▶ [Work order] What is needed is a word-for-word restatement of all the entries.

------ Data under study

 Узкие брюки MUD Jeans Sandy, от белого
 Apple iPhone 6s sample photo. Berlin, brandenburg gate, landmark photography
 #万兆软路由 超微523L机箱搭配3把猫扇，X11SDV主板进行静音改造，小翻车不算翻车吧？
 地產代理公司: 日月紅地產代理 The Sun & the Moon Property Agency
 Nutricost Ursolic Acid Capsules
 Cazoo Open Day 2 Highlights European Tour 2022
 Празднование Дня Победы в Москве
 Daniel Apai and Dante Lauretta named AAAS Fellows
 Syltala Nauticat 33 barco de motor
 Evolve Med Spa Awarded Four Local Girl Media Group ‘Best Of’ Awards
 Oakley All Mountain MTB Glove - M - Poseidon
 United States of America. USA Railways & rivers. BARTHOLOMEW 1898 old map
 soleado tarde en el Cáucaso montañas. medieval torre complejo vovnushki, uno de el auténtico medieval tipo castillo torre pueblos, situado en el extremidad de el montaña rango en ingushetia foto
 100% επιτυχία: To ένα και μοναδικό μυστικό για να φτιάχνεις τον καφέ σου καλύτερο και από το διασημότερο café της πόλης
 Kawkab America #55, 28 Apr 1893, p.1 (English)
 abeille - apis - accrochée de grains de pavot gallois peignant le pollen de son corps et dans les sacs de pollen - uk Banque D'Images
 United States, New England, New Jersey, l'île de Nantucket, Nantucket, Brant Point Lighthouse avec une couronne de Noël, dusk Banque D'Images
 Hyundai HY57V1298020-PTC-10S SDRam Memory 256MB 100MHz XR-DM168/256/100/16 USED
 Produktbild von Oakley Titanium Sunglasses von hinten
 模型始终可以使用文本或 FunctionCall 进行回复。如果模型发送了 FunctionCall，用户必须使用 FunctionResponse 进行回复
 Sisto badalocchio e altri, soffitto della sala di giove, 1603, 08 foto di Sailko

------------

▶ [Answer space]
 Узкие брюки MUD Jeans Sandy, от белого
 Apple iPhone 6s sample photo. Berlin, brandenburg gate, landmark photography
 #万兆软路由 超微523L机箱搭配3把猫扇，X11SDV主板进行静音改造，小翻车不算翻车吧？
 地產代理公司: 日月紅地產代理 The Sun & the Moon Property Agency
 Nutricost Ursolic Acid Capsules
 Cazoo Open Day 2 Highlights European Tour 2022
 Празднование Дня Победы в Москве
 Daniel Apai and Dante Lauretta named AAAS Fellows
 Syltala Nauticat 33 barco de motor
 Evolve Med Spa Awarded Four Local Girl Media Group ‘Best Of’ Awards
 Oakley All Mountain MTB Glove - M - Poseidon
 United States of America. USA Railways & rivers. BARTHOLOMEW 1898 old map
 soleado tarde en el Cáucaso montañas. medieval torre complejo vovnushki, uno de el auténtico medieval tipo castillo torre pueblos, situado en el extremidad de el montaña rango en ingushetia foto
 100% επιτυχία: To ένα και μοναδικό μυστικό για να φτιάχνεις τον καφέ σου καλύτερο και από το διασημότερο café της πόλης
 Kawkab America #55, 28 Apr 1893, p.1 (English)
 abeille - apis - accrochée de grains de pavot gallois peignant le pollen de son corps et dans les sacs de pollen - uk Banque D'Images
 United States, New England, New Jersey, l'île de Nantucket, Nantucket, Brant Point Lighthouse avec une couronne de Noël, dusk Banque D'Images
 Hyundai HY57V1298020-PTC-10S SDRam Memory 256MB 100MHz XR-DM168/256/100/16 USED
 Produktbild von Oakley Titanium Sunglasses von hinten
 模型始终可以使用文本或 FunctionCall 进行回复。如果模型发送了 FunctionCall，用户必须使用 FunctionResponse 进行回复
 Sisto badalocchio e altri, soffitto della sala di giove, 1603, 08 foto di Sailko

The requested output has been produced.